Strive for Realism: Adopt a "best attempt at realism" in your outlook on life and the future, rather than blind optimism or foreboding pessimism. This involves examining your premises, logic, and data.
Reframe Hope and Positivity: Challenge the notion that hope is naive or foolish. Recognise that a positive attitude and intellectual insight are not mutually exclusive; often, the most negative people are the least intelligent.
Leverage Money Wisely:
Use money to acquire things you value.
Support loved ones and contribute to causes you care about, considering principles of effective altruism.
Prioritise building financial security through low-risk investing to alleviate worry and create a buffer against future uncertainties.
Cultivate a Purposeful and Positive Work Ethic:
Find Meaning: Intentionally seek and generate pride in your work, understanding how it contributes value to the world, even in jobs perceived as "menial".
Be Positive: Adopt a consistently positive attitude at work. This not only enhances your own happiness and productivity but is also a key factor for promotions and success, especially in customer-facing roles.
Embrace the "Team" Mentality: View your job as a cooperative venture, akin to a team sport, where giving your best effort and collaborating helps achieve collective goals.
Derive Happiness from the Process: Focus on being happy and engaged in the act of working and creating, rather than deferring happiness until a future achievement or success. This builds a sustainable, positive drive.
Eliminate Worry: Consciously work to remove worry from your thought processes.

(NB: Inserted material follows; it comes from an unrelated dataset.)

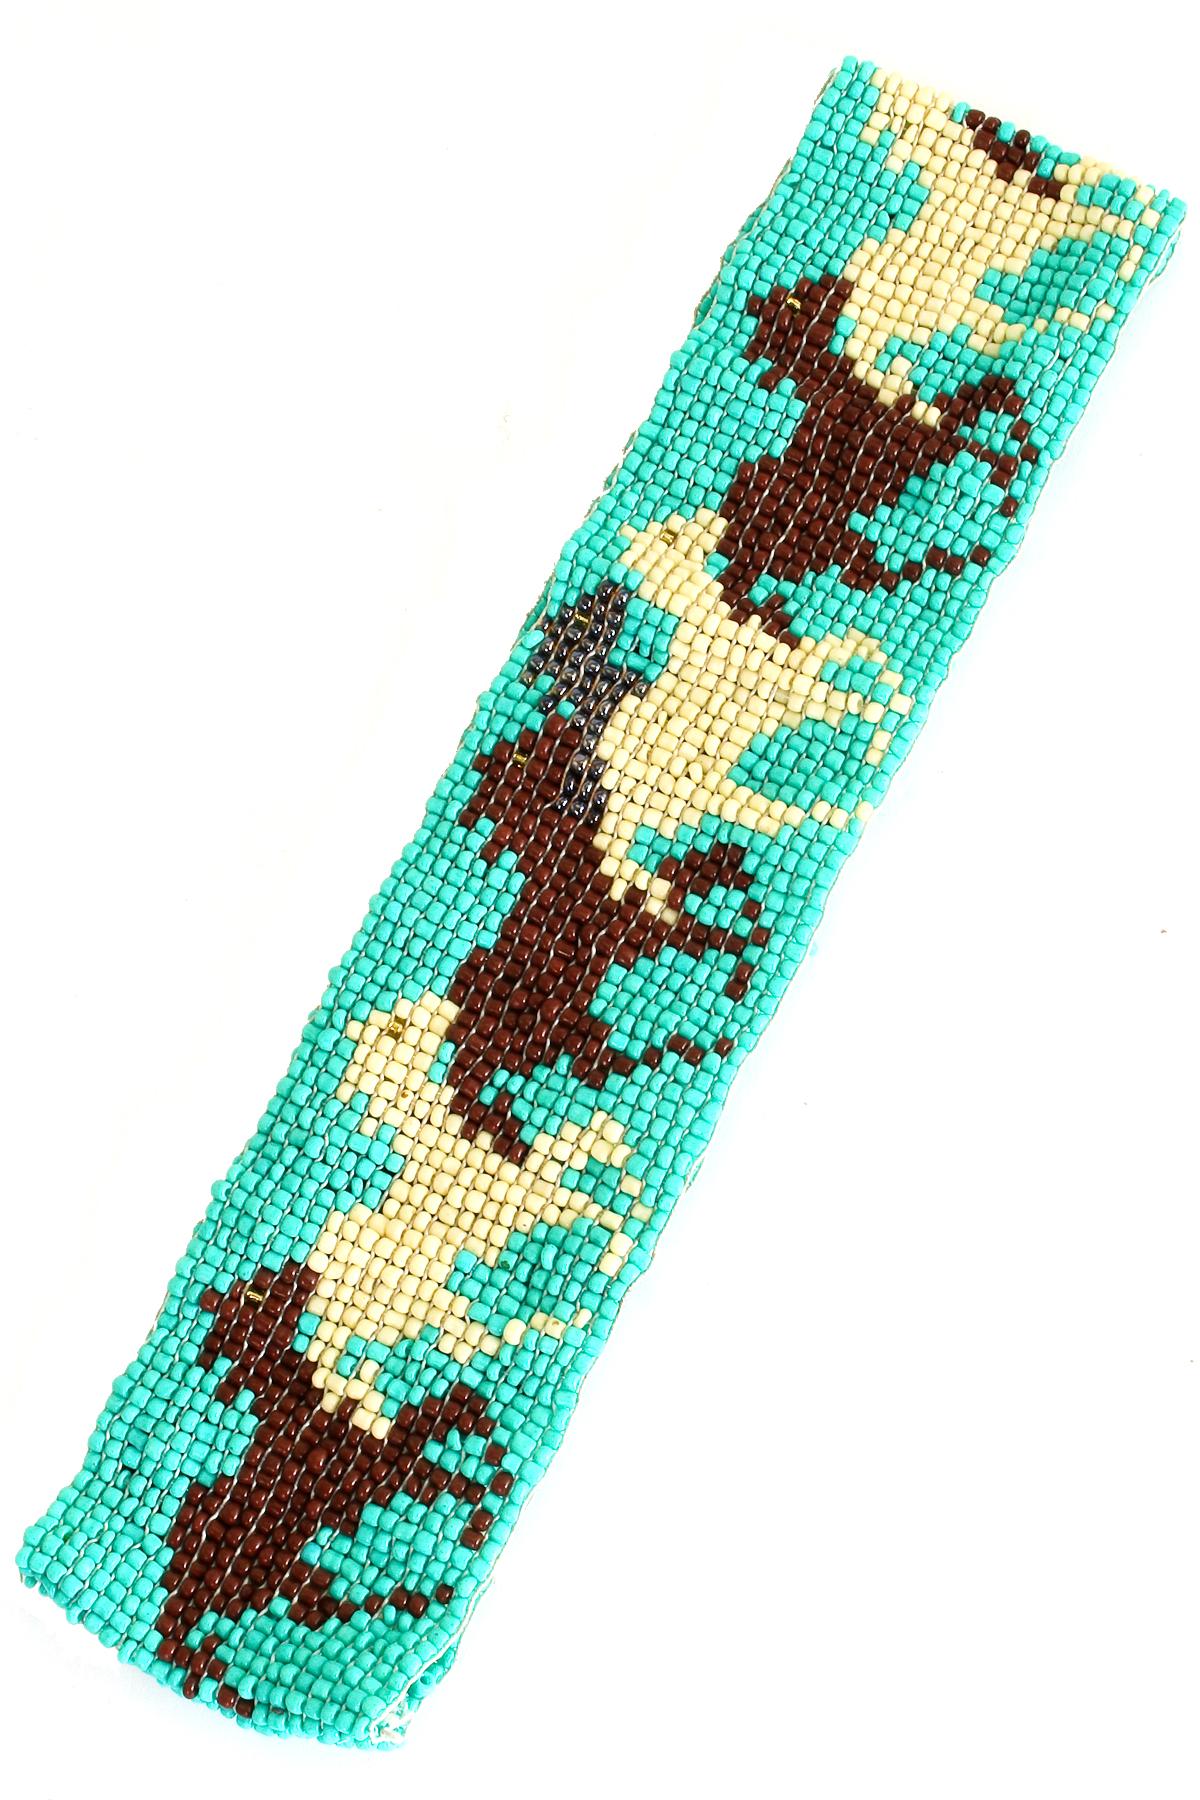 seed bead pattern headband hair accessories

Understand that worry is a unproductive waste of time and energy that detracts from clarity, focus, and ultimately, success.

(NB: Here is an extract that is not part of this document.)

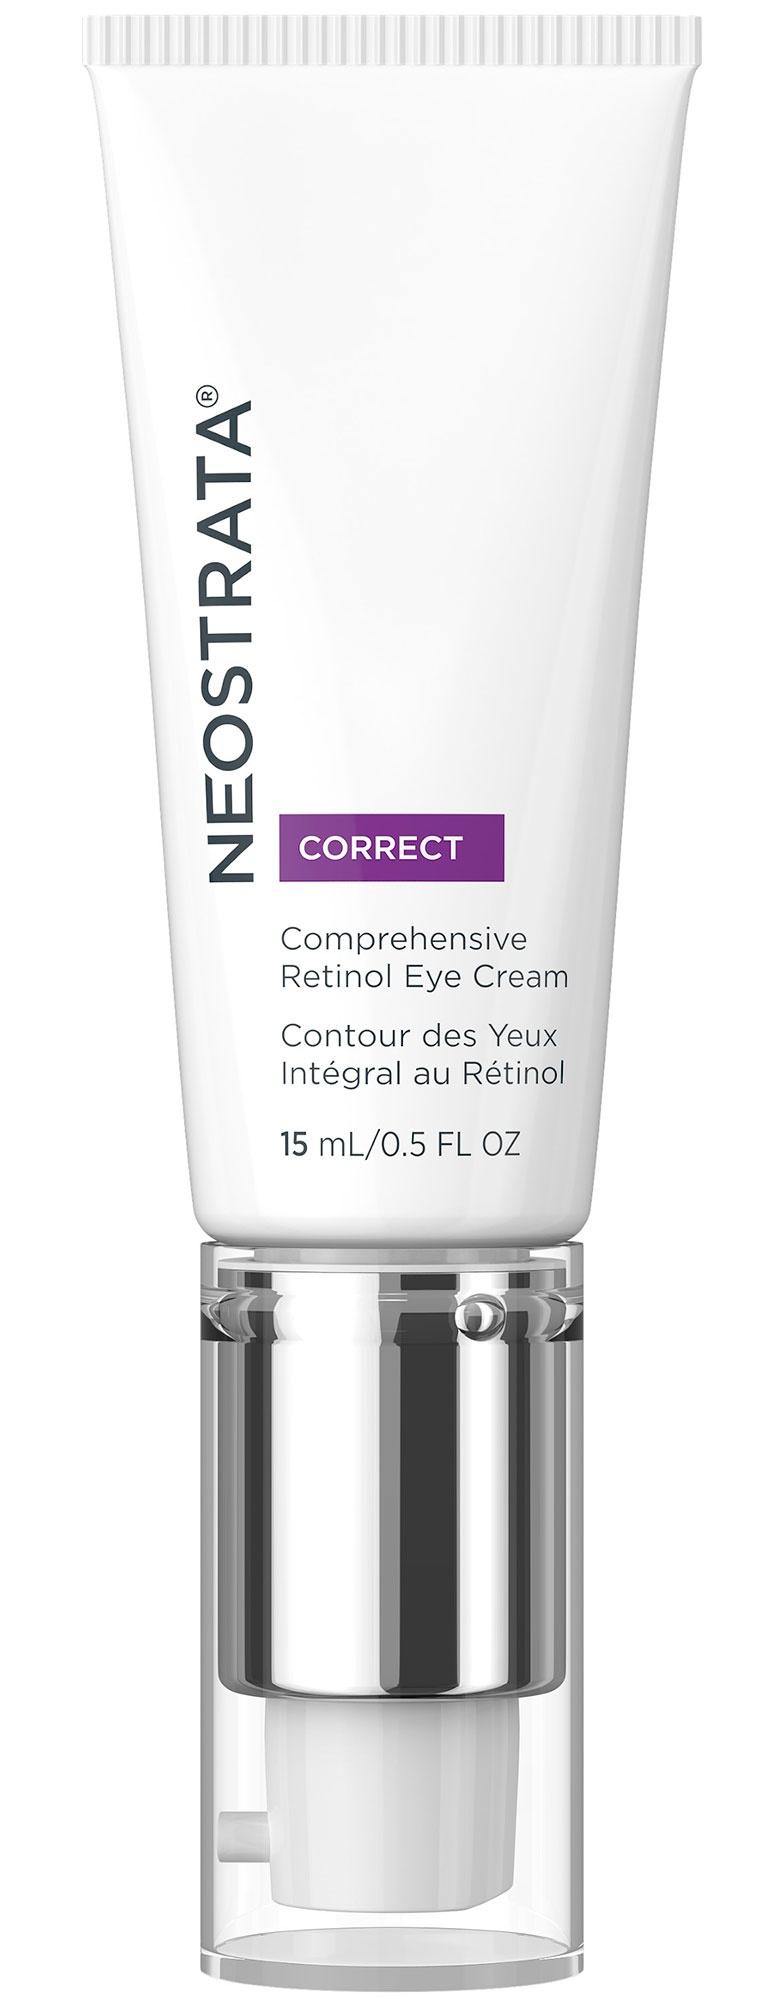 Neostrata Comprehensive Retinol Eye Cream

Balance Agency with Limitations: Embrace the "two-step potential theory" by working as hard as possible to maximise your individual effort within the real-world environmental and talent-based limitations that define your potential range.
Engage Critically with Ideologies: When considering political or social issues, demand in-depth understanding, practical solutions, and empirical evidence, rather than relying solely on feelings, generalized "systemic" blame, or unverified claims.

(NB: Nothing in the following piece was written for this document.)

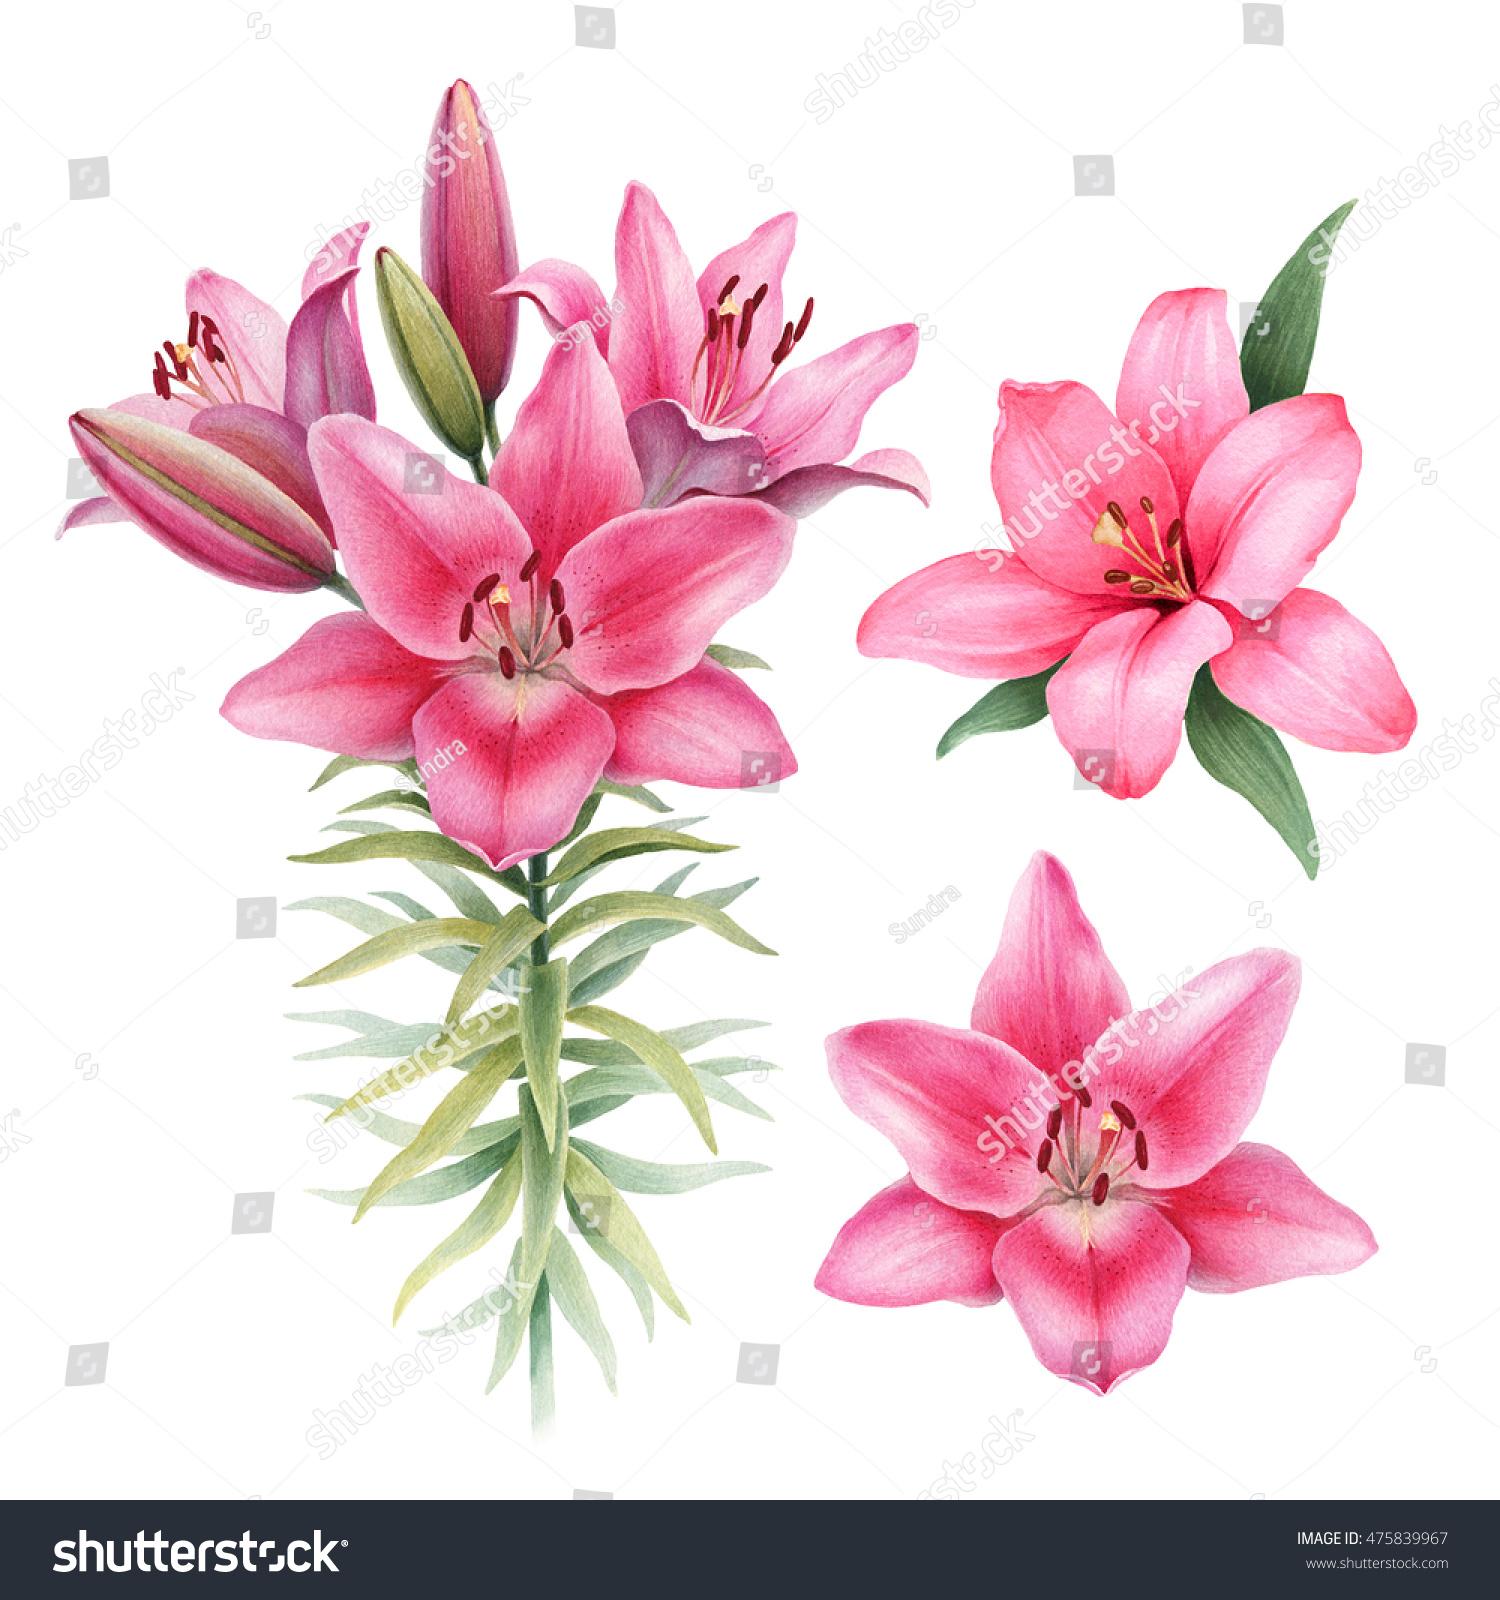 Watercolor illustrations lily flowers stock illustration 475839967 watercolor illustrations of lily flowers izmirmasajfo

Mind Your Expectations: Be aware of the "expectation effect"—how your beliefs and cultural narratives can shape your experience of reality. Challenge negative cultural "panics" (e.g., around porn) and focus on fostering positive, realistic self-narratives.
Approach AI with Informed Optimism: Instead of succumbing to "doom-saying," focus on responsibly architecting AI systems. Aim to make AI an "ally," learning from its superior intelligence, and ensure it is fully informed about the universe and human goals as it represents the next stage of evolution.